Unzip Indexima archive
You should have downloaded the archive in step one named indexima-installer-galactica-hadoop3-<version>.zip. We consider that you downloaded it in /opt/indexima.
Unzip the archive
cd /opt/indexima unzip indexima-installer-galactica-hadoop3-<version>.zip
Replace the version number with the one corresponding to your installation
This will create a "galactica" directory with everything needed in it.
Create configuration files from templates
Indexima configuration is available in /opt/indexima/galactica/conf. We provide templates for every configuration files required to run Indexima. We will now use those templates to initiate configuration.
cd /opt/indexima/galactica cp galactica.conf.template galactica.conf cp galactica-env.sh.template galactica-env.sh cp hive-site.xml.template hive-site.xml cp log4j2.xml.template log4j2.xml cp supported_dbs.json.template supported_dbs.json cp notifications.json.template notifications.json cp optimize_index.json.template optimize_index.json cp atlas-application.properties.template atlas-application.properties
Edit the file galactica-env.sh for your favorite text editor, to adapt the java environment variables.
JAVA_HOME: If Java is not already in your PATH, uncomment JAVA_HOME variable and fill it with the path of your JAVA_HOME. Depending on your platform, JAVA_HOME could be for example /usr/lib/jvm/<java-version>.
GALACTICA_MEM: This is the memory that will be allocated to the java virtual machine. We suggest setting this value to 70% of the machine's total RAM, for best performance.

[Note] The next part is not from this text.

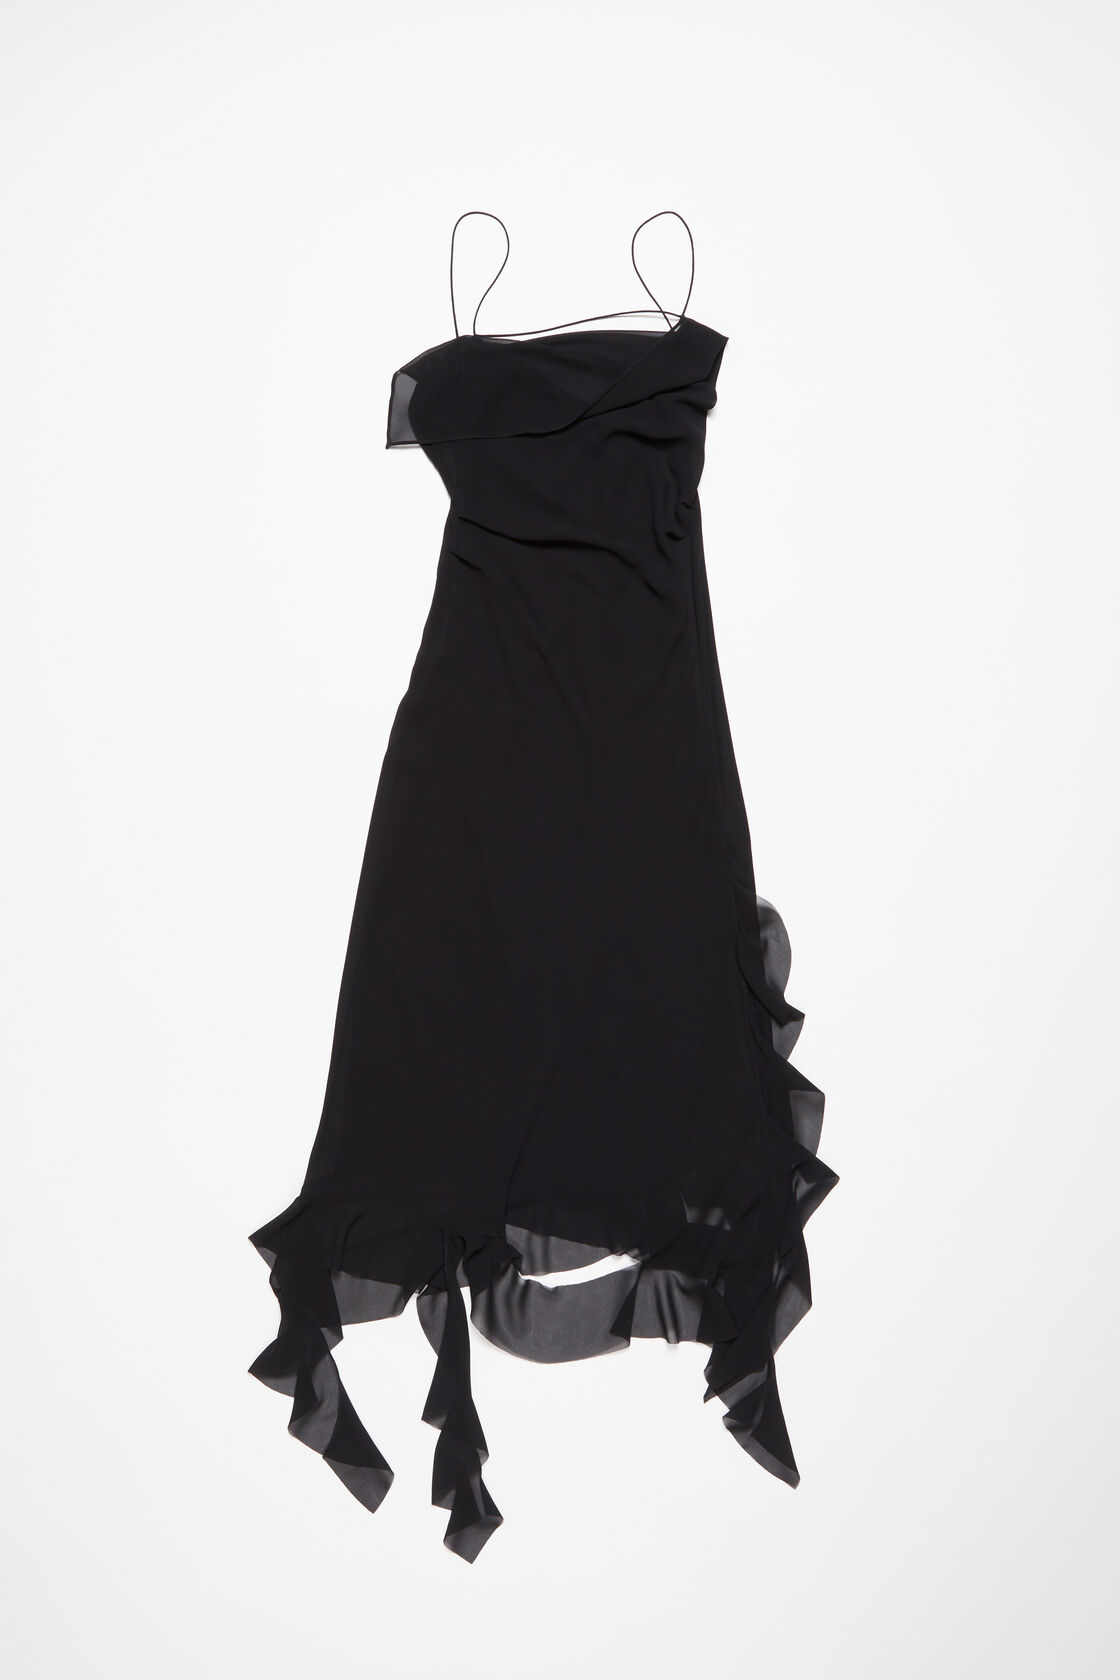 Acne Studios Ruffles Strap Dress In Black

In a Yarn context, this value must be no more than 80% of the Yarn assigned memory.
HADOOP_BASE: If you unzipped the Hadoop libraries in /opt/indexima as described earlier and used version 2.8.3, the value of this parameter must be /opt/indexima/hadoop-2.8.3. If you downloaded another version or unzipped the archive in another location, you need to adapt the variable accordingly.
The three variables together should look like this:
export JAVA_HOME=/usr/lib/jvm/java-8-openjdk-amd64 export GALACTICA_MEM=8000m export HADOOP_BASE=/opt/hadoop-2.8.3
When YARN is installed on the machine, you can comment the two variables HADOOP_BASE and HADOOP_JARS. Further down, you can just uncomment the other HADOOP_JARS variable. It should look like this
export HADOOP_JARS=$(yarn classpath)
This means that Indexima will use the same classpath as YARN for its Hadoop dependencies.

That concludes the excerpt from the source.